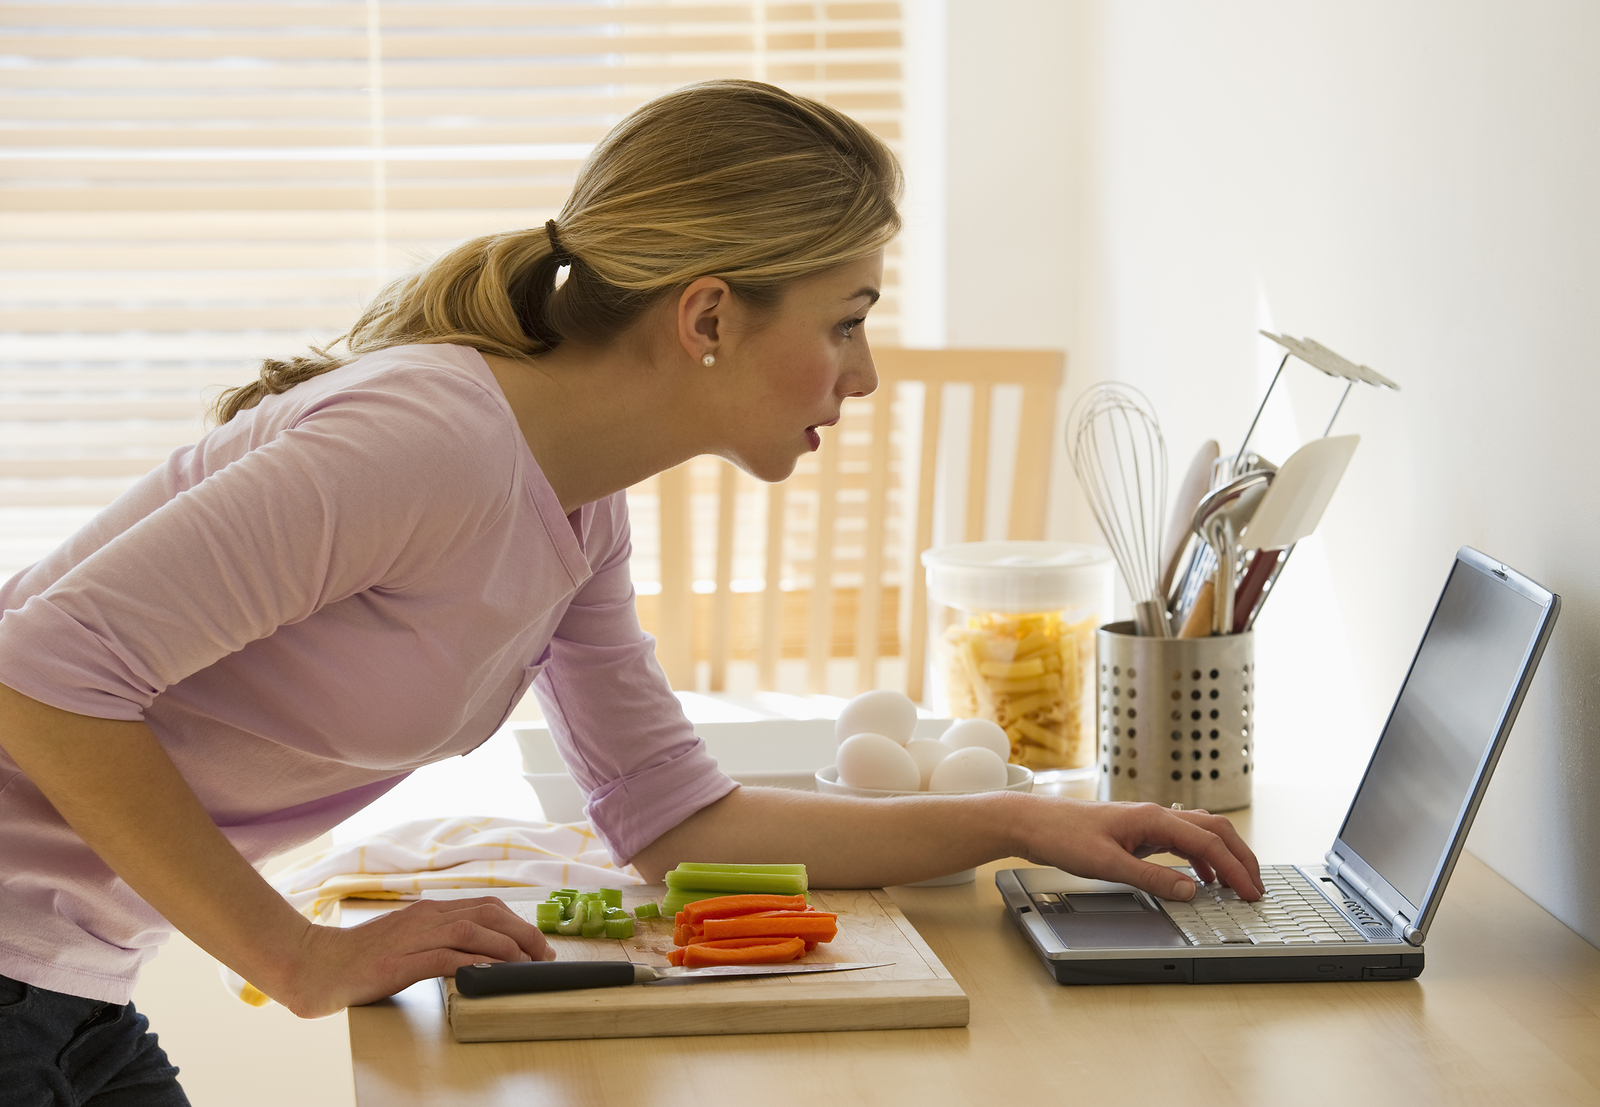 Делать работу красиво. Женщина на кухне за ноутбуком. Девушка за ноутбуком на кухне. Домохозяйка за компьютером. Женщина работает дома.
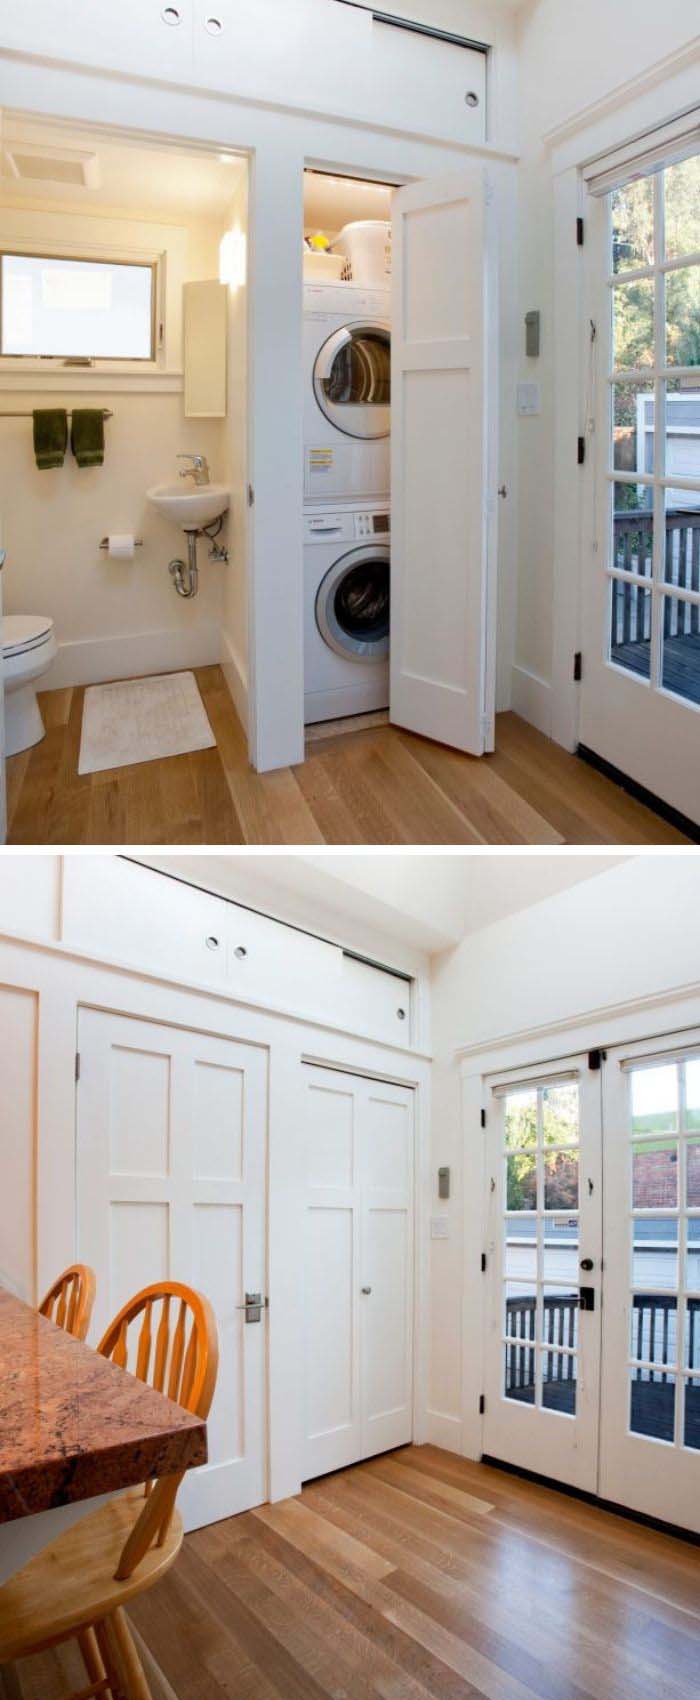 Folded Door for Mini Laundry Closet in Kitchen Area #laundry #closetdoors #decorhomeideas
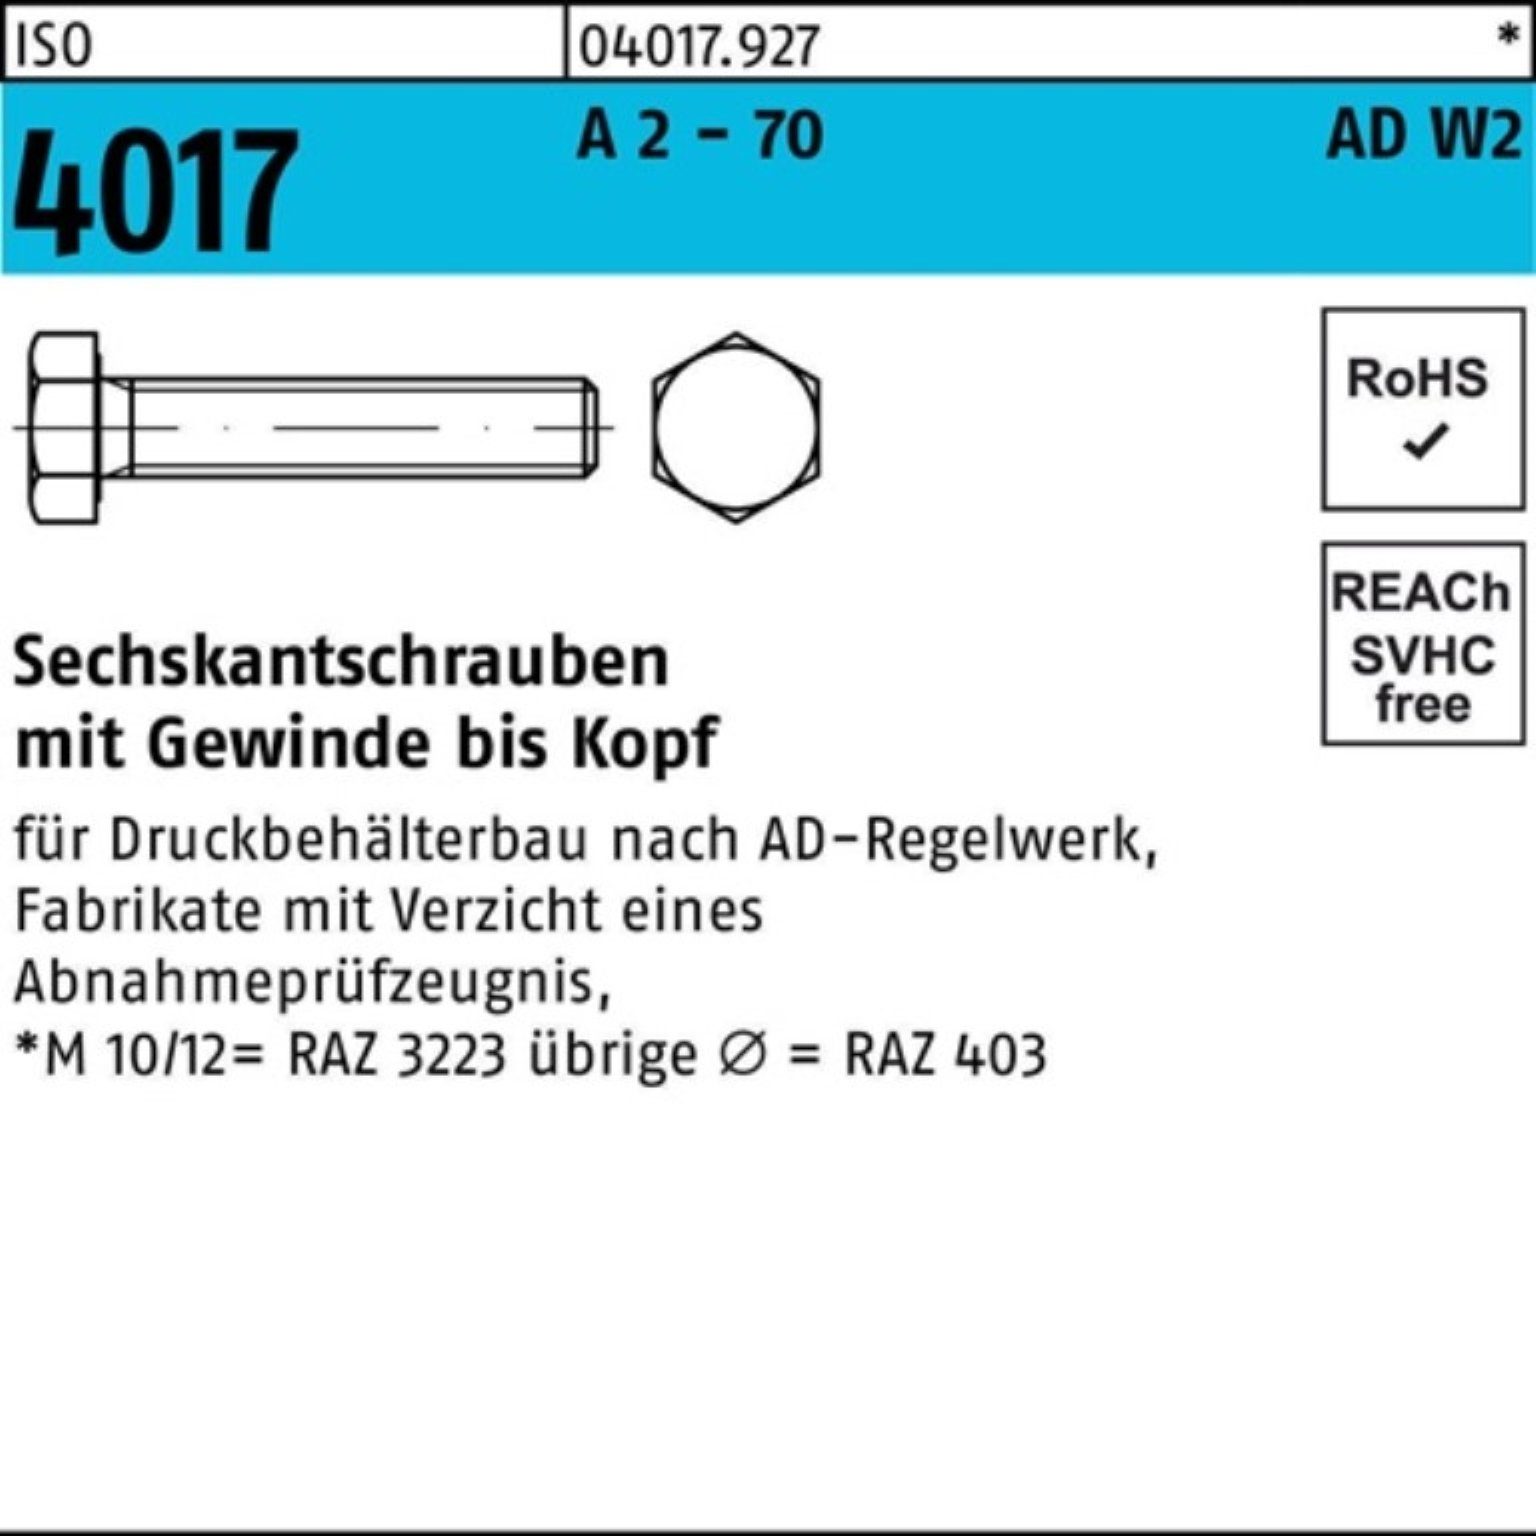 Bufab Sechskantschraube 100er Pack Sechskantschraube ISO 4017 VG M20x 45 A 2 - 70 AD-W2 25 St

· · · ·

**Directions for this task**
The answer is every line of the data, exactly as written, with the pictures dropped.

**Exercise result**
 Делать работу красиво. Женщина на кухне за ноутбуком. Девушка за ноутбуком на кухне. Домохозяйка за компьютером. Женщина работает дома.
 Folded Door for Mini Laundry Closet in Kitchen Area #laundry #closetdoors #decorhomeideas
 Bufab Sechskantschraube 100er Pack Sechskantschraube ISO 4017 VG M20x 45 A 2 - 70 AD-W2 25 St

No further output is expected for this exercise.